Sunday, April 24, 2016

The Nest

The Nest by Cynthia D'Aprix Sweeney


The Plumbs are about to learn the foolishness of their ways.

It's never a good idea to spend a promised inheritance from your benevolent father until the money is actually in your hand. And when you don't heed valuable advice...well, let's just say the consequences can be devastating.

Siblings Leo, Jack, Bea and Melody know with certainty that their deceased father, Leonard, Sr., intended "The Nest" to be a comfortable cushion to help his four children with necessities later in life. No one could have imagined that a modest trust fund would expand into a vast fortune under the guidance of savvy attorney George Plumb. But that's exactly what happened, and now these grown adults, after waiting patiently for years, want what is rightly theirs.

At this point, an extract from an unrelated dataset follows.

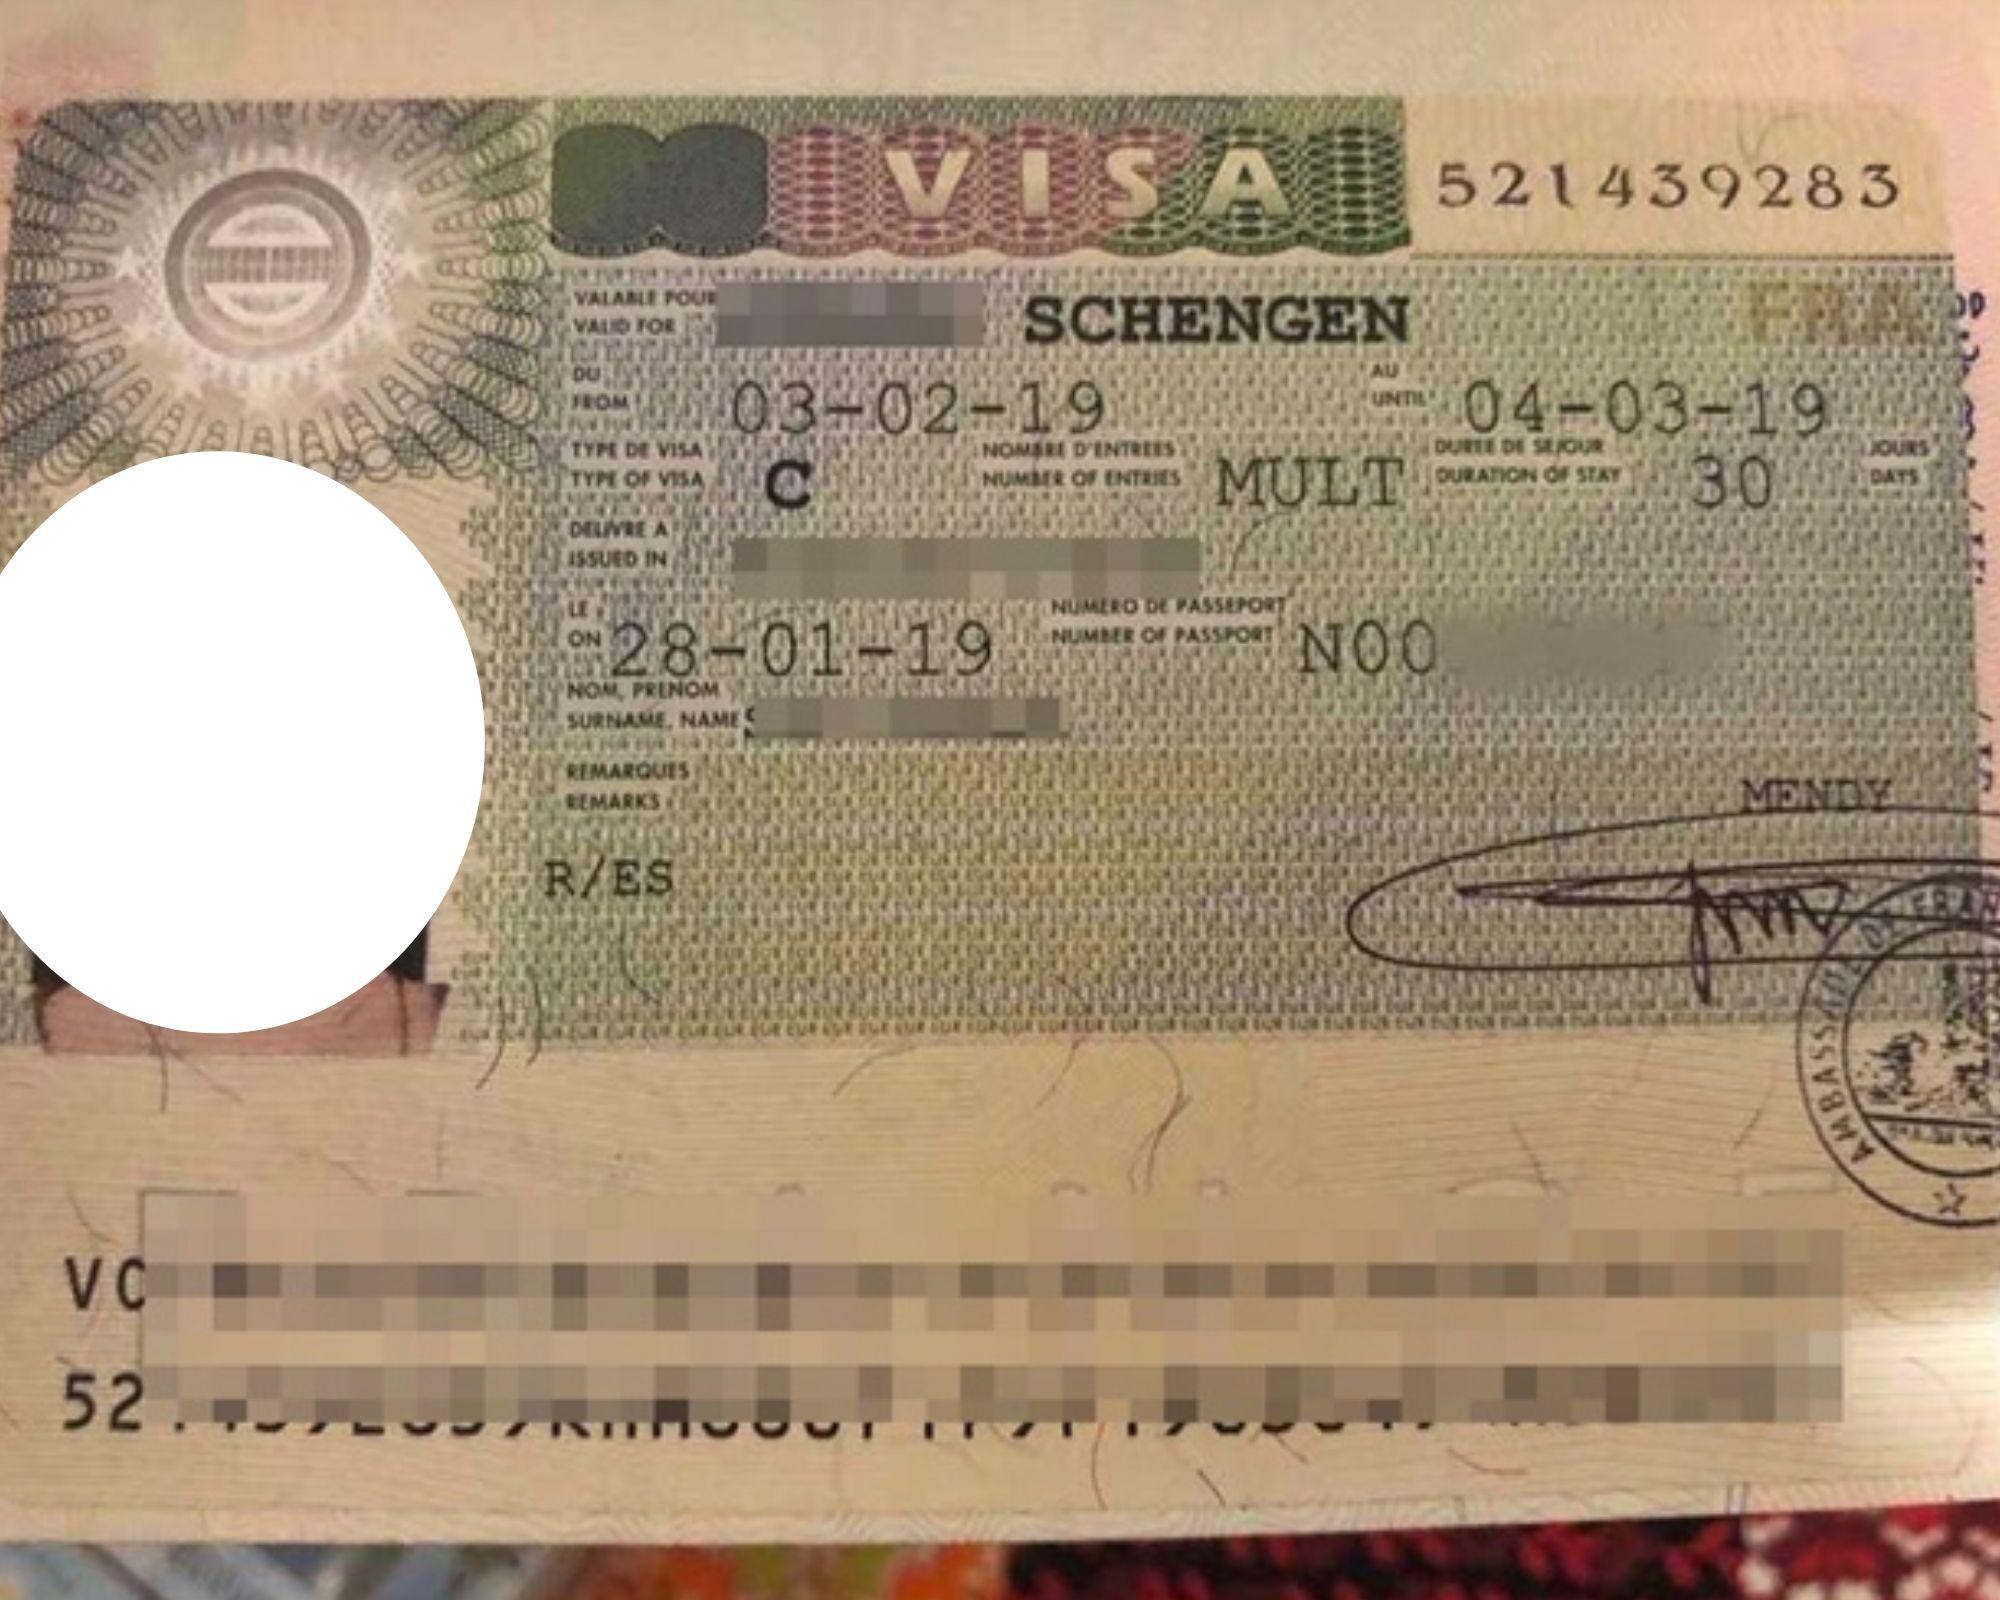 Dịch vụ tư vấn visa đi Thụy Sĩ diện thăm thân uy tín

Unfortunately, "The Nest" has been drained to quietly pay off a nineteen-year-old waitress who made the biggest mistake of her life when she agreed to go for a joy ride with the drunken eldest brother, Leo. In his usual smooth, charismatic way, Leo vows to devise a plan to pay back each and every penny to the family he's used to cover up his indiscretions. His brother and sisters have no choice but to reluctantly believe him, even though their own personal financial woes continue to mount, not to mention the secrets they are hiding from one another and their loved ones.

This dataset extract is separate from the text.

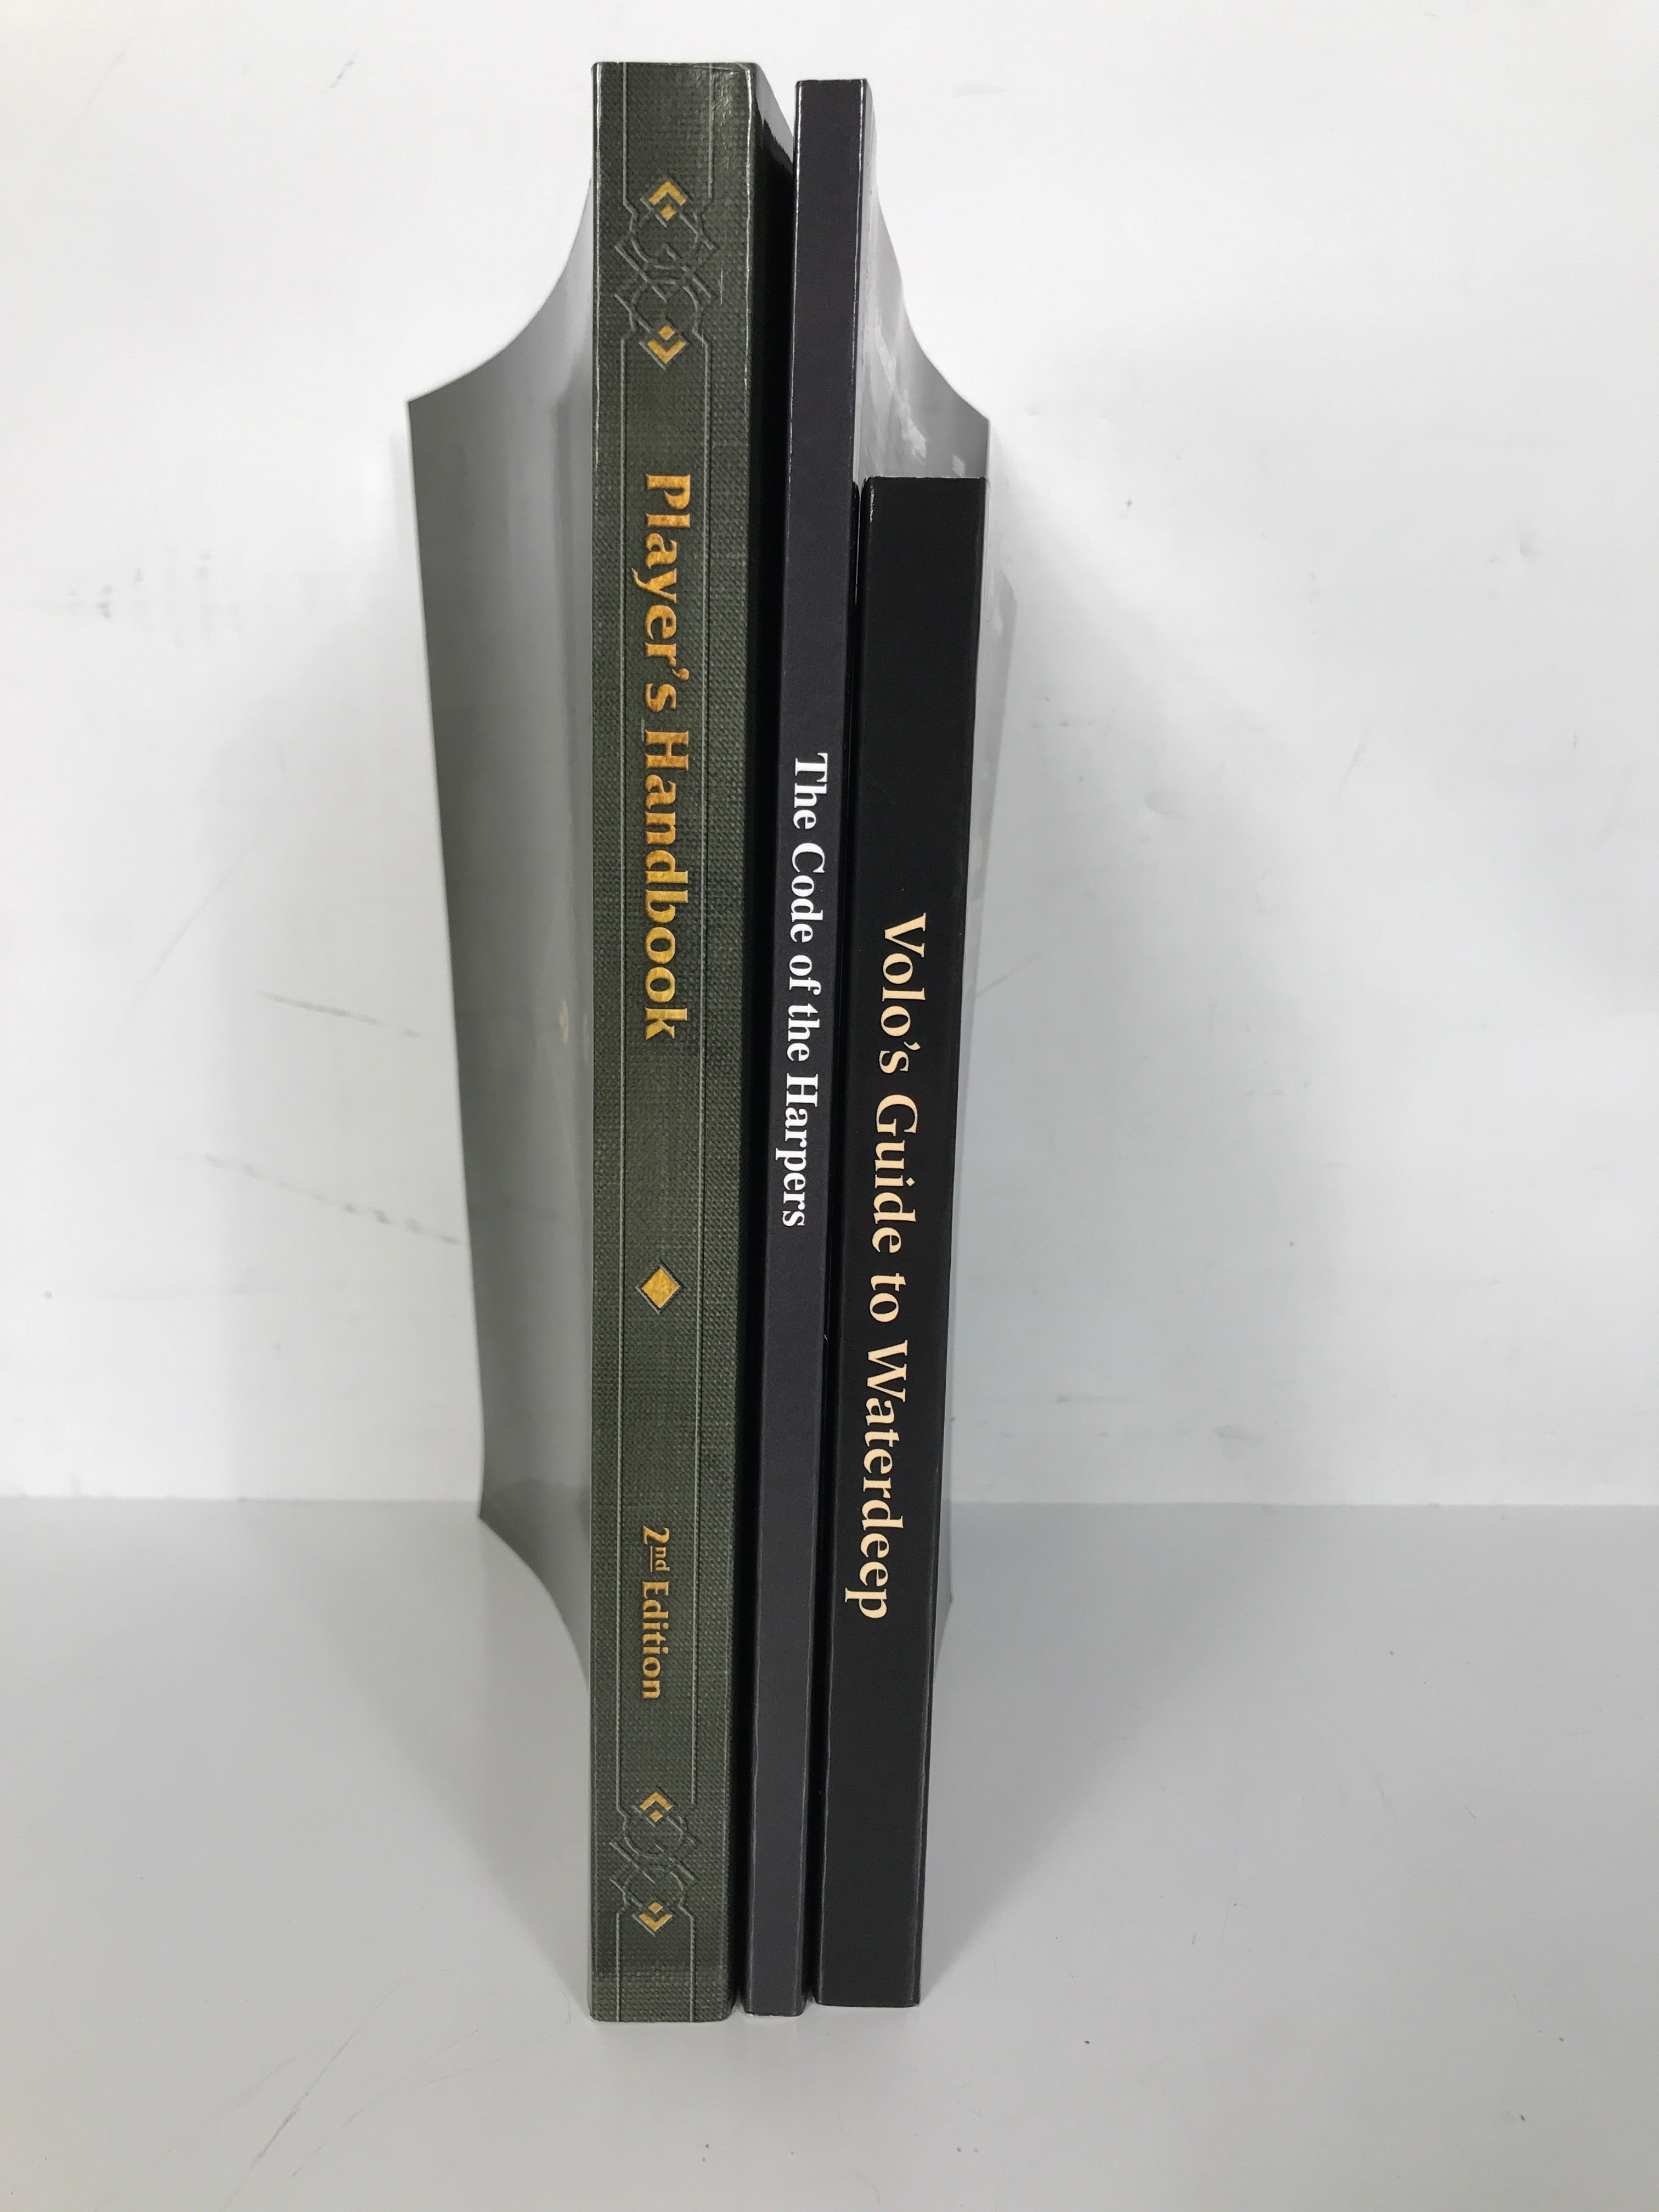 Lot of 3 2nd Edition Advanced D&D Vols 1992-2013 SC Handbook, Waterdeep, Harpers

Jack's partner, Walter, can't know that he's taken a second mortgage on their quaint,beachfront cottage to keep his antiques store afloat, or that he's involved with the black market sale of a valuable piece of stolen art.  And widow Bea, once a successful writer, is living on a shoestring, ever since she failed to complete that second novel. She's become a source of ridicule and pity with former colleagues. Maybe her latest attempt about an anonymous man ruining a young girl's life in a tragic accident will be a hit. Youngest child, Melody, anxious mother of twin daughters ( she tracks their every move with the Stalkerville app ) thought her days of struggling to make those outrageous mortgage payments would soon be over. She can't fathom losing her house in an affluent suburb or worse yet, sending her children to a state college. But how well does she really know her daughters?

No surprise that this novel is on the best-seller list. It's a sophisticated soap opera told with humor and compassion. It all starts with the "idea of money...". How money can "warp relationships and memories and decisions".  But it ends with warmth and the fervent belief that family relationships do matter long after the money is gone.